Could you transcribe all of the data exactly and skip any pictures?

### INFORMATION SUPPLIED

★ ★ ★ ★ ★ ★ ★

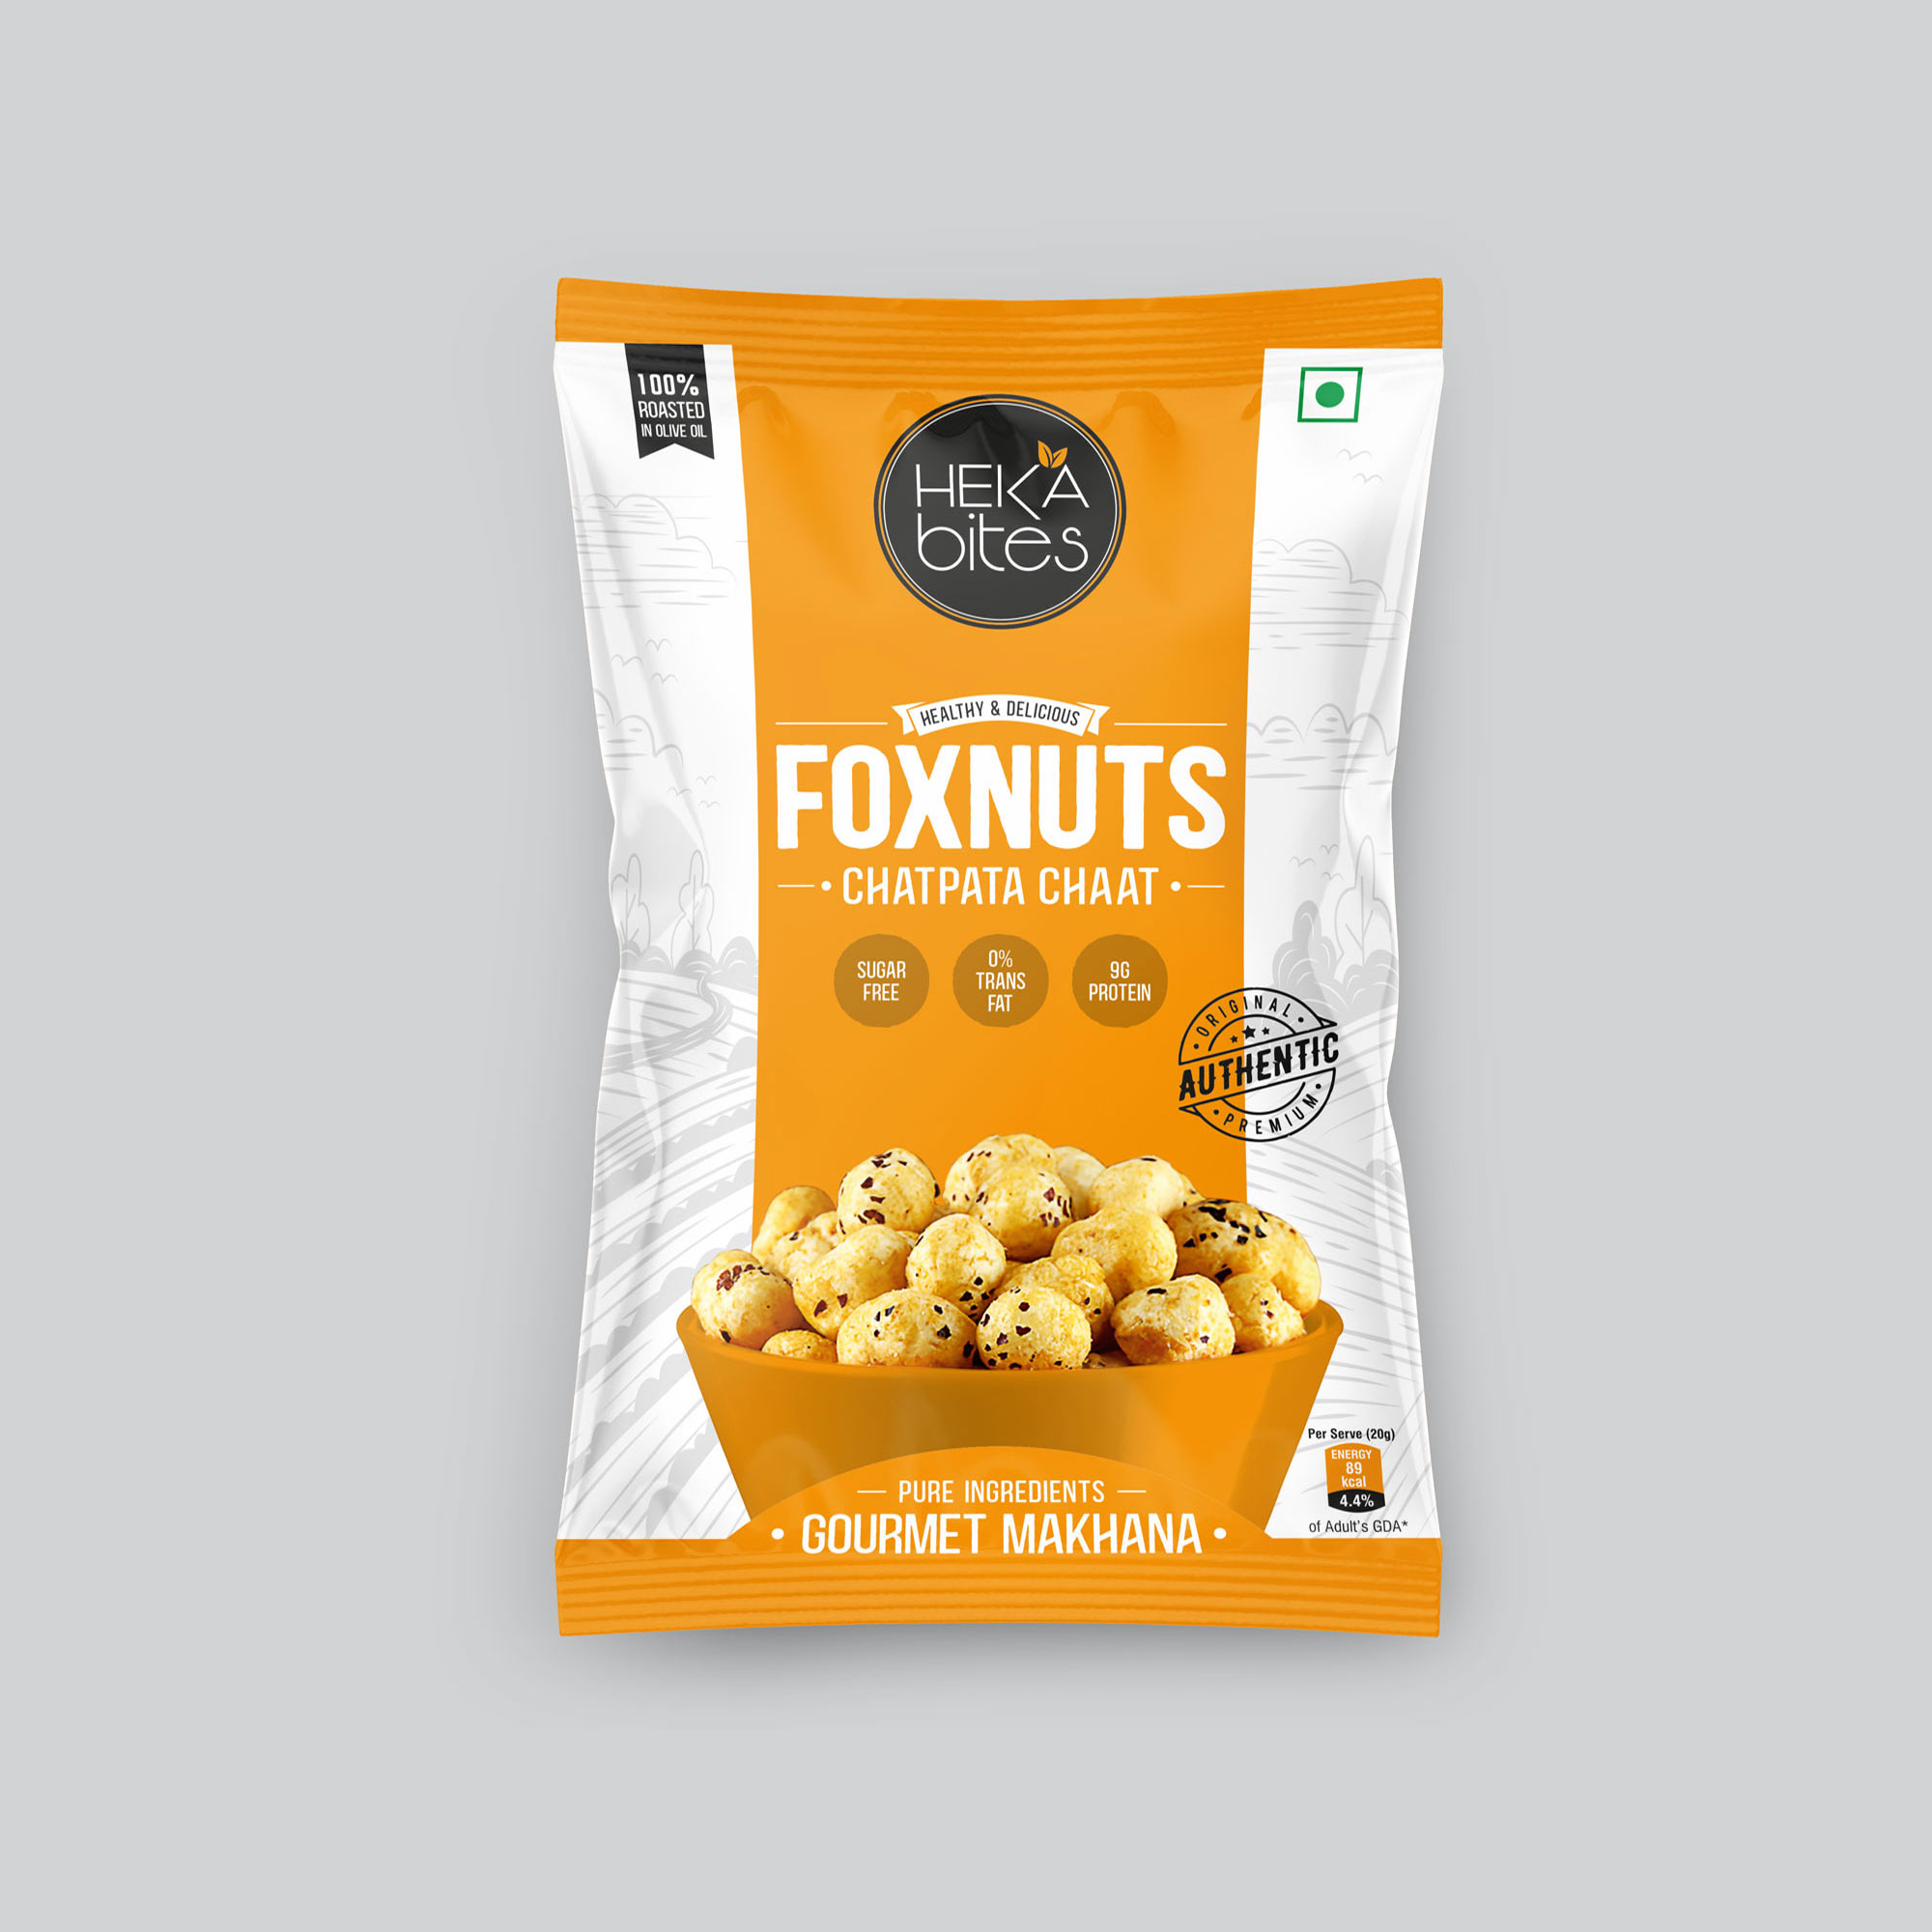 Heka Bites Roasted Fox Nuts Chatpata Chaat 80g (Pack of 2)
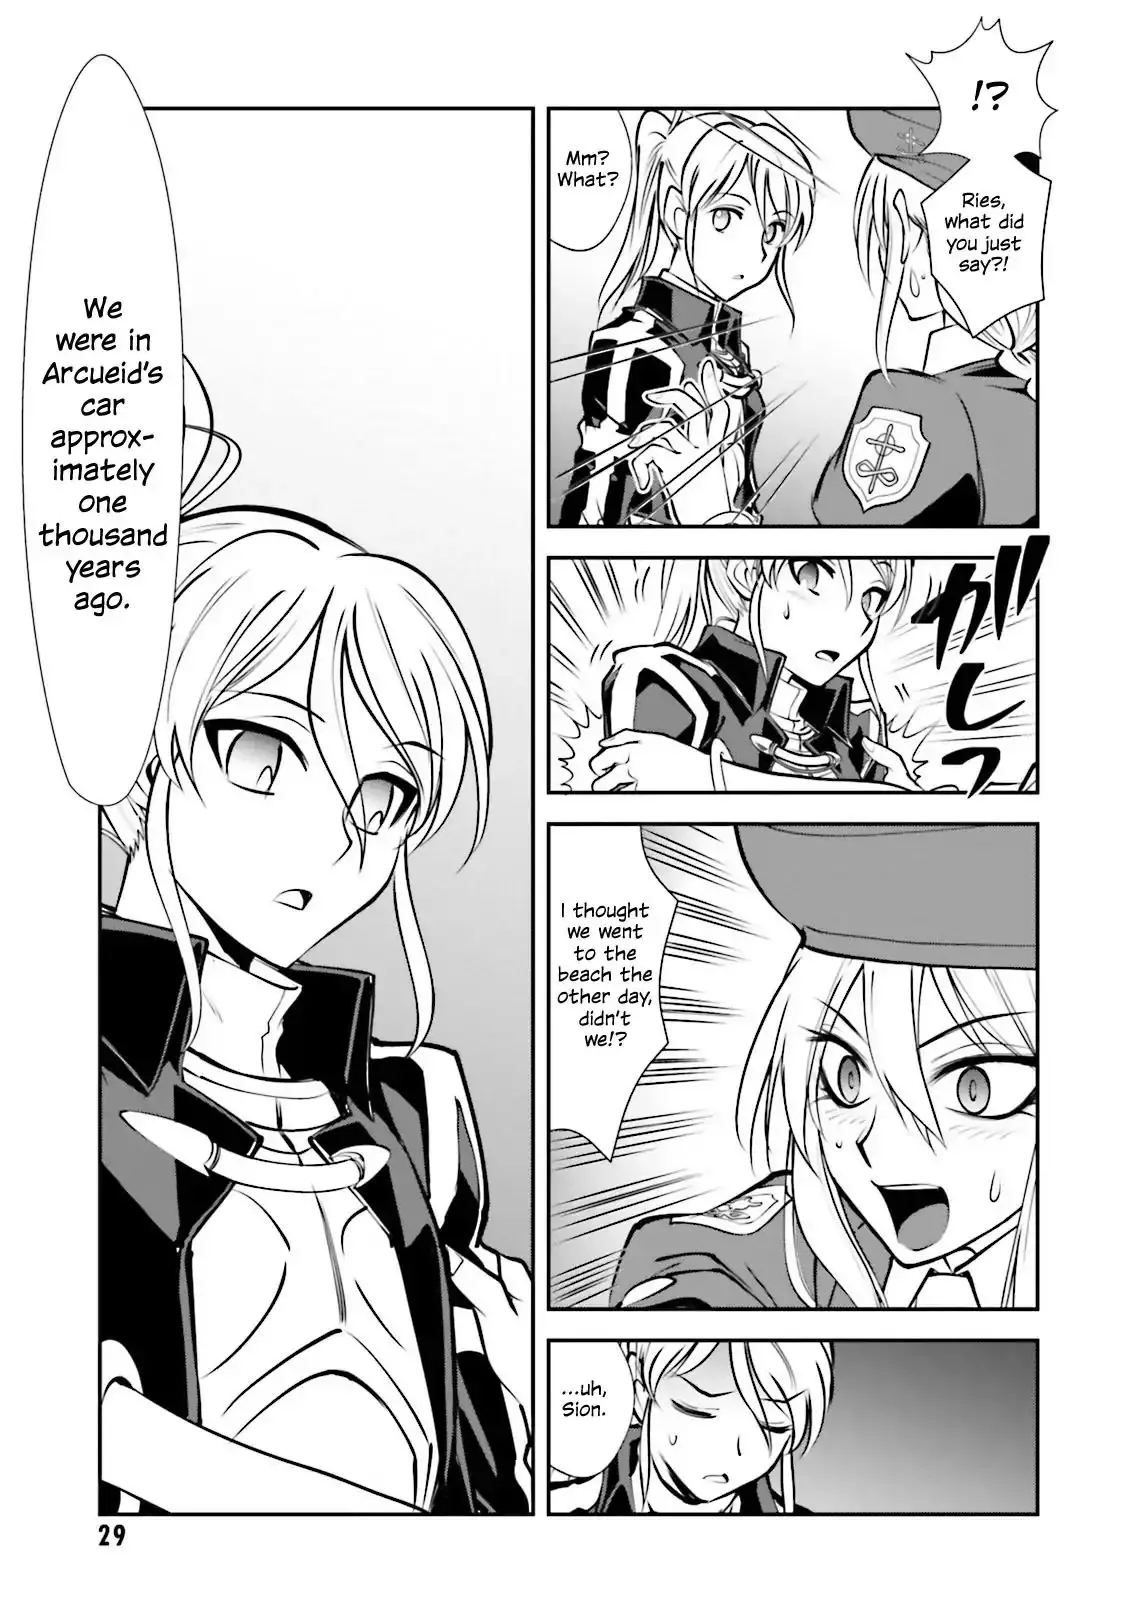 Melty Blood - Back Alley Alliance Nightmare - 6 page 28
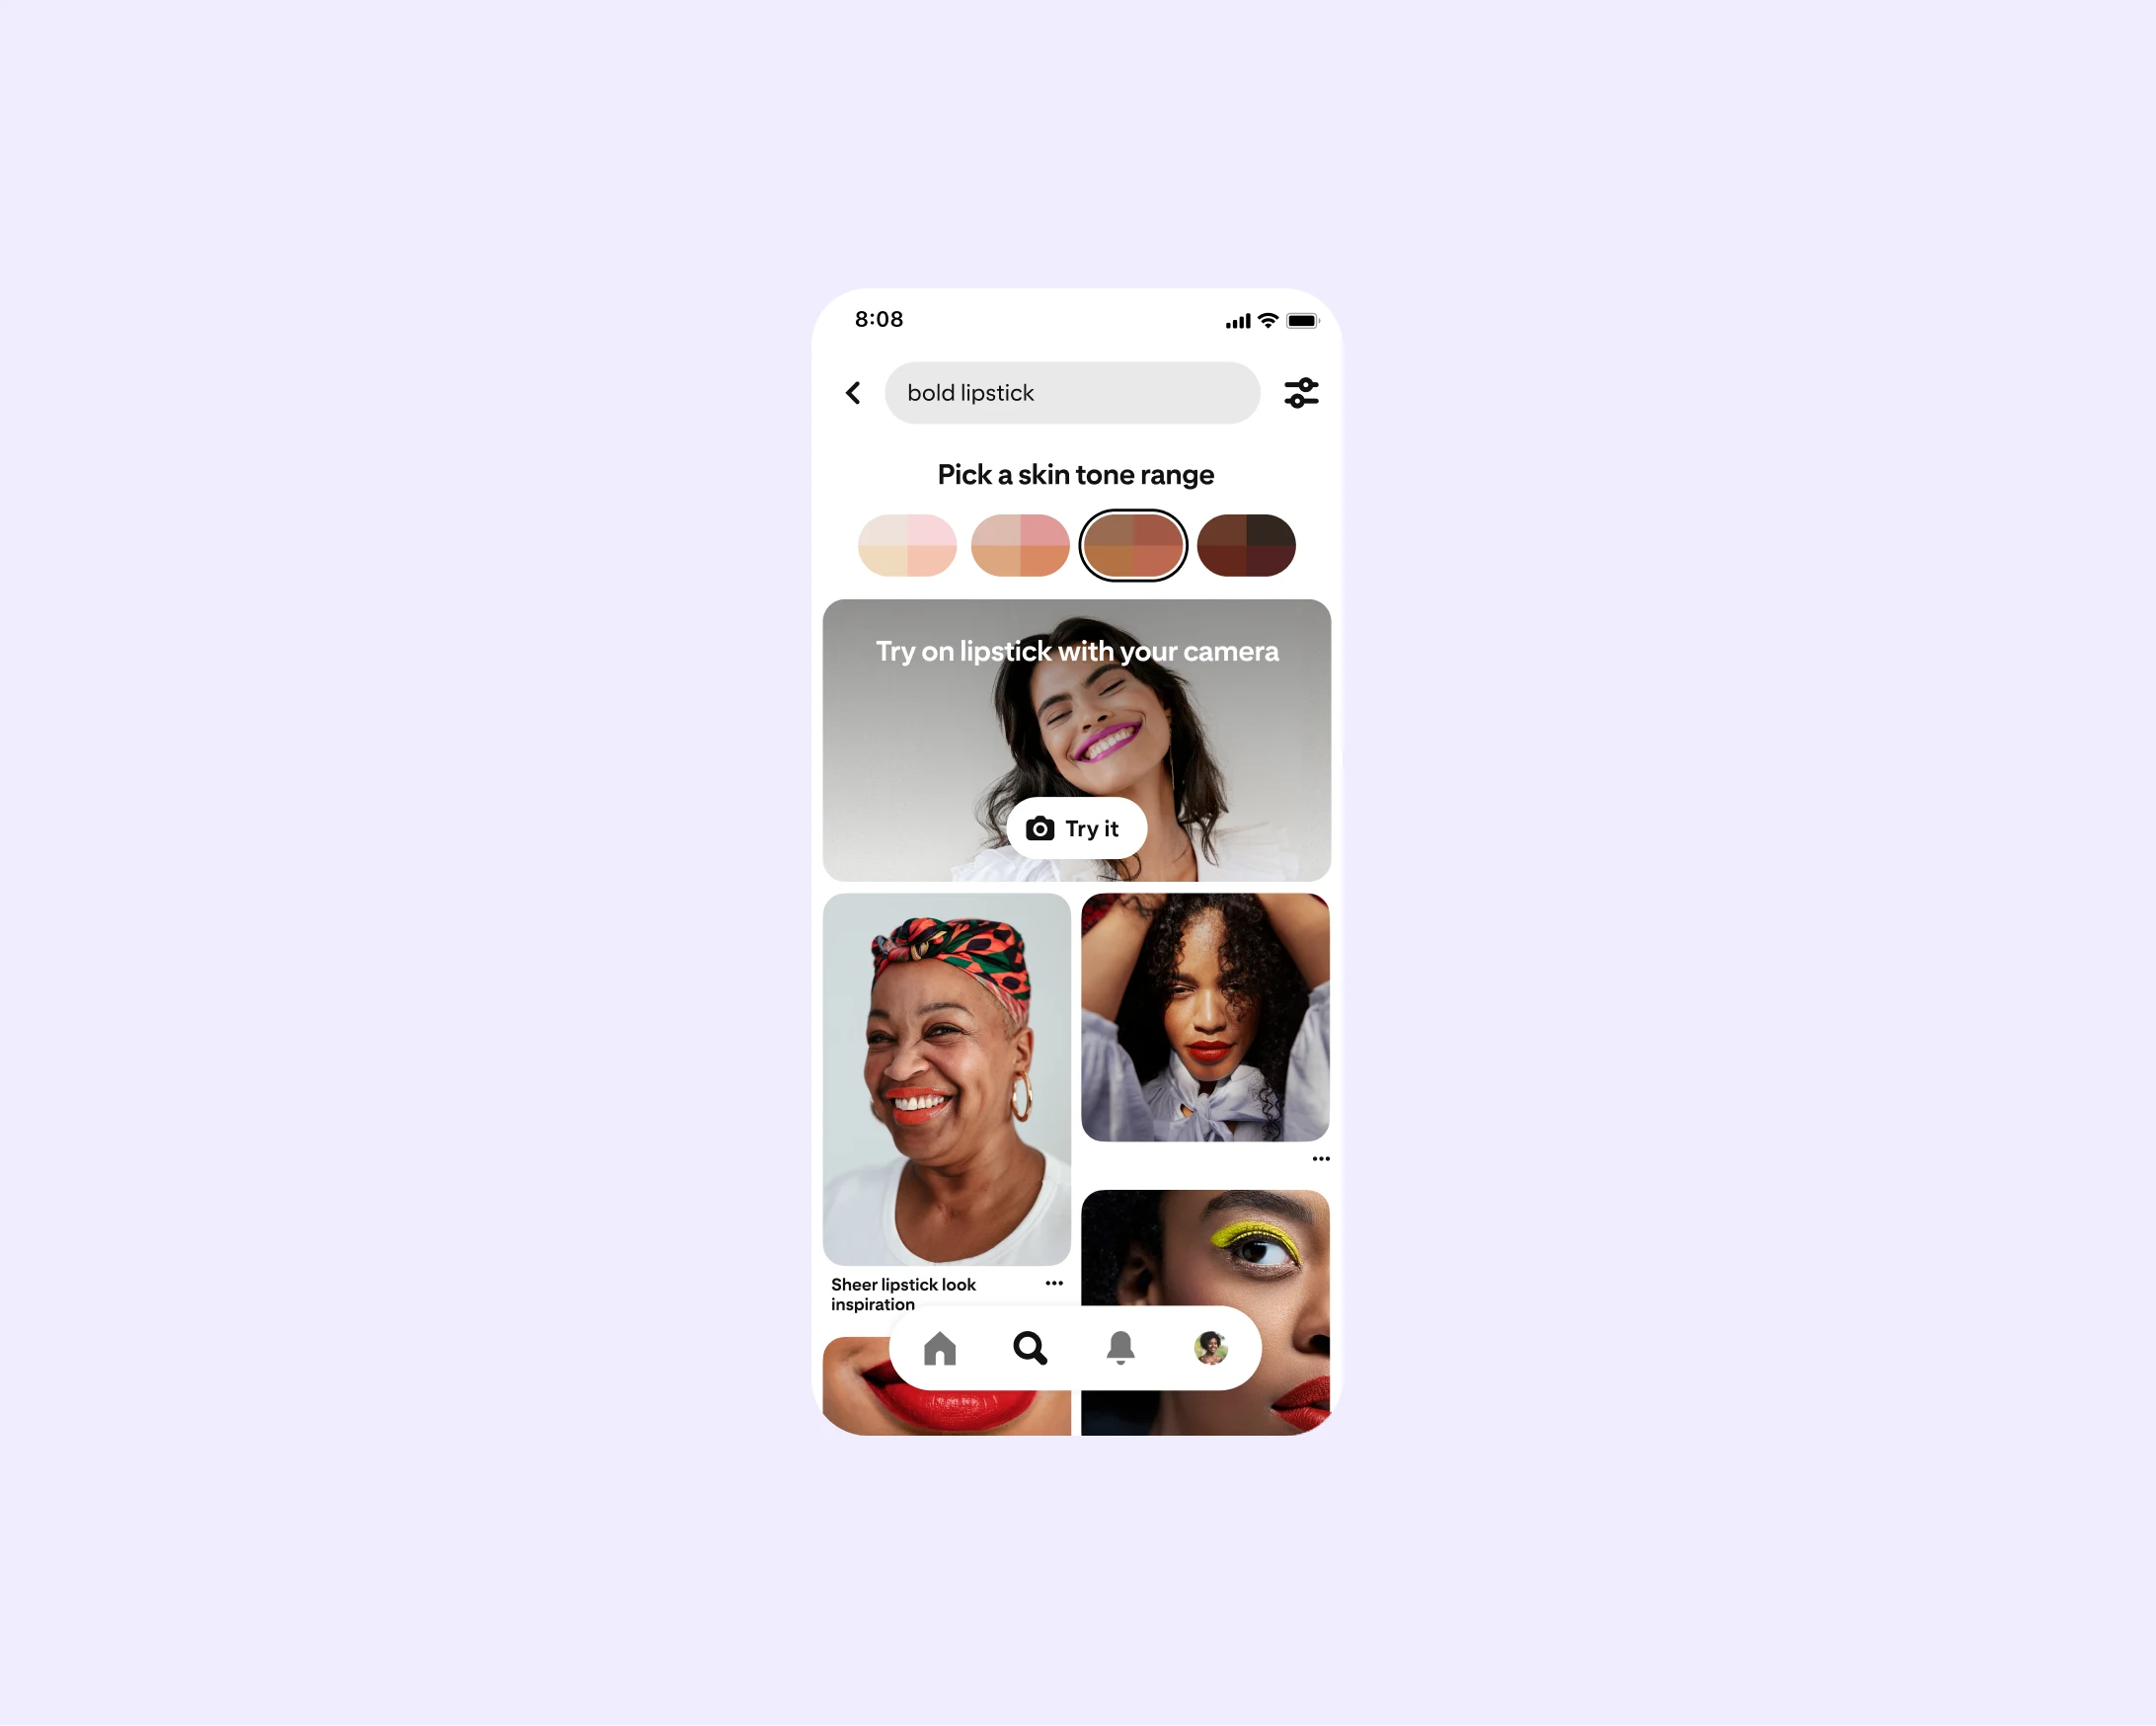 A phone screen shows Pinterest search results, which allow you to select a skin tone range for results.

★ ★ ★ ★ ★ ★ ★

### RESPONSE
 Heka Bites Roasted Fox Nuts Chatpata Chaat 80g (Pack of 2)
 Melty Blood - Back Alley Alliance Nightmare - 6 page 28
 A phone screen shows Pinterest search results, which allow you to select a skin tone range for results.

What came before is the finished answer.